Here’s a new draft paper on ten years of FOI by myself and Robert Hazell Ten Years of FOI SSRN

The UK’s FOI Act came into force in 2005. Three linked research projects were conducted to evaluate its overall impact, and assess to what extent FOI has met its objectives across central and local government and parliament. They conclude that FOI has met its ‘core’ objectives, making central government more transparent and accountable. However, it has not improved decision-making, public understanding, participation or trust. Nor has FOI significantly changed how government works, despite politicians’ fears of a chilling effect. The article concludes with a look at key issues that will shape the future of FOI.


For those of you who can’t wait, here’s the conclusion:


FOI ‘tells a transformative narrative’ as ‘transparency enables – and, indeed forces [a] virtuous chain of events’ towards more accountable and democratic government (2015, 151). FOI has made British government more transparent and increased accountability. FOI’s very unpredictability may be a powerful force for enforcing behaviour by anticipated reactions (Prat 2006).

Its deeper impact on democracy is less clear. This is not because FOI has failed but simply because shifting levels of participation and public trust, are complex and FOI alone is unlikely to make a difference. If it hasn’t realised all its supporters’ hopes, it has not realised the fears of others. It has not had any significant impact on the decision-making process or some of the key constitutional conventions. Nor does it appear to have led to a chilling effect.

One of the difficulties with FOI is that it is many things simultaneously- a tool of democratic empowerment, a human right, and an everyday grievance mechanism (Birkinshaw 2006). It is dynamic, shaped by how it is used by diverse user groups.
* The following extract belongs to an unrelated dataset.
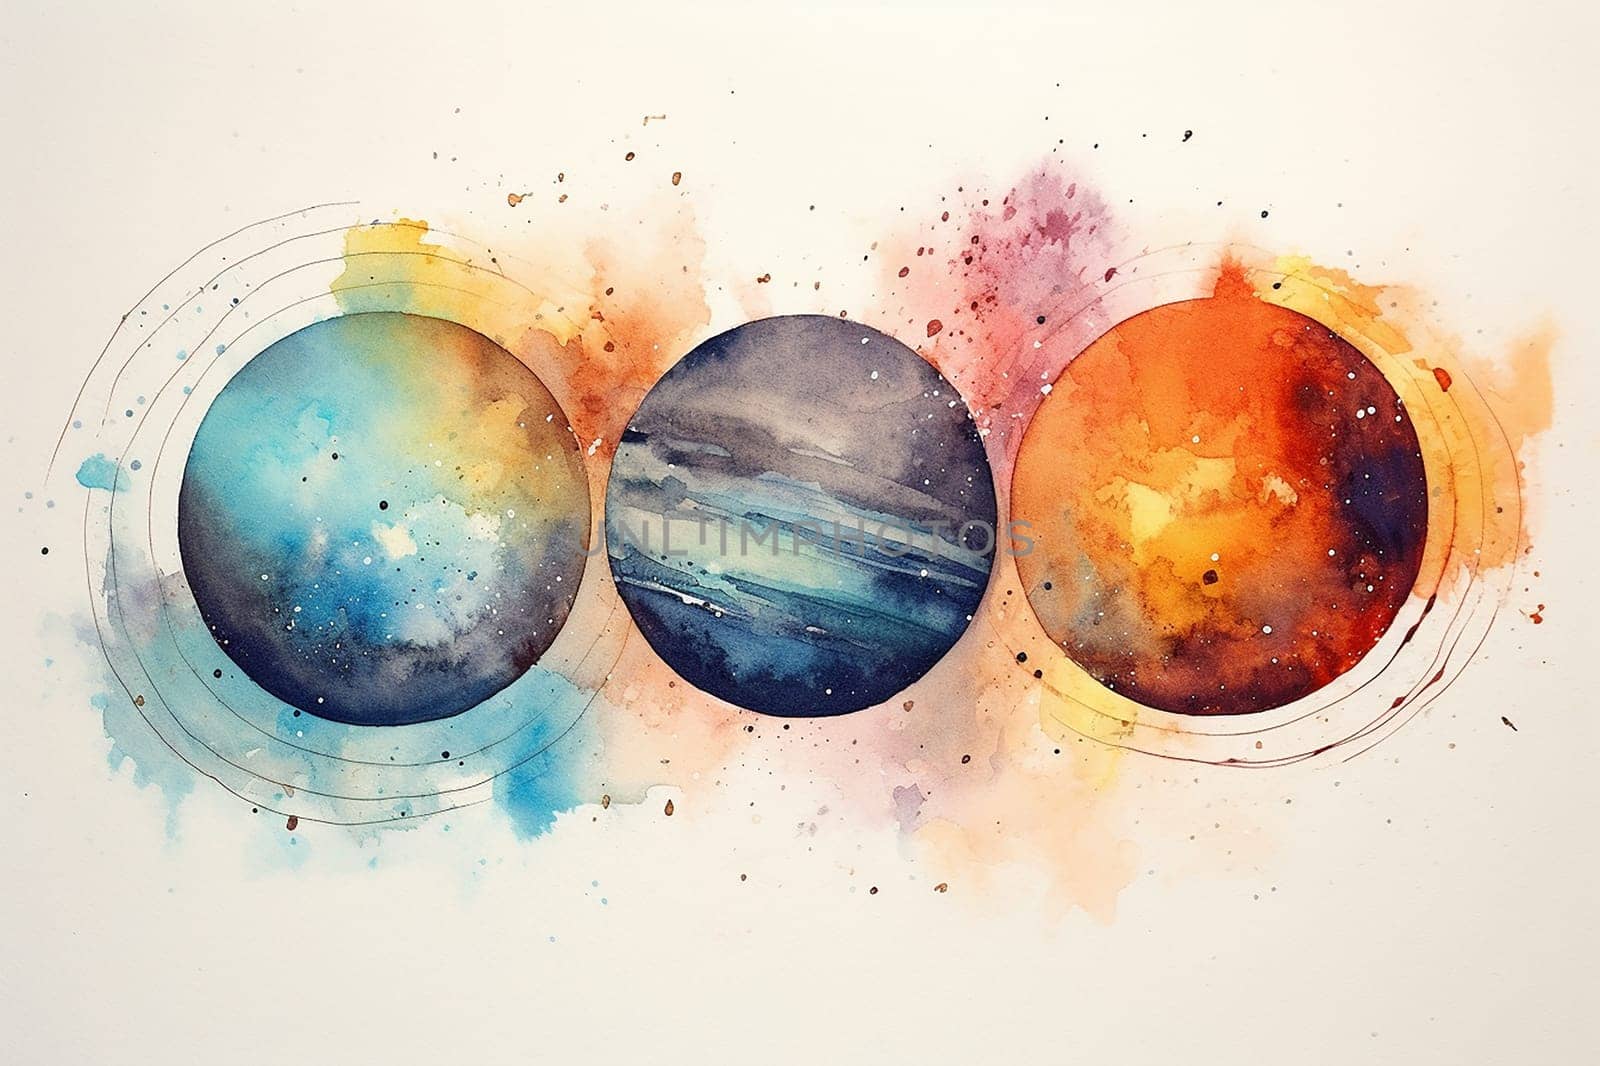 Artistic representation of planets in various colors against a starry background

FOI can be best seen as part of a wider political ecosystem of formal and informal mechanisms designed to scrutinise government and hold them accountable, what Keane calls ‘Monitory Democracy’ (2009). FOI sits alongside old accountability mechanisms, such as the media and Parliament, and new ones, such as Open Data and digital activism. It is now part of a shifting transparency ecosystem disrupting established agendas and generating uncertainty (Kreimer 2008).

So where will it go in the future? Meijer cites Dror’s characterisation of transparency as a pharmacon: ‘it heals in correct doses and kills when the doses are too high’ (2014, 516). However, FOI requires use to flourish and, more problematically, it requires support from those very politicians most at risk from FOI exposure.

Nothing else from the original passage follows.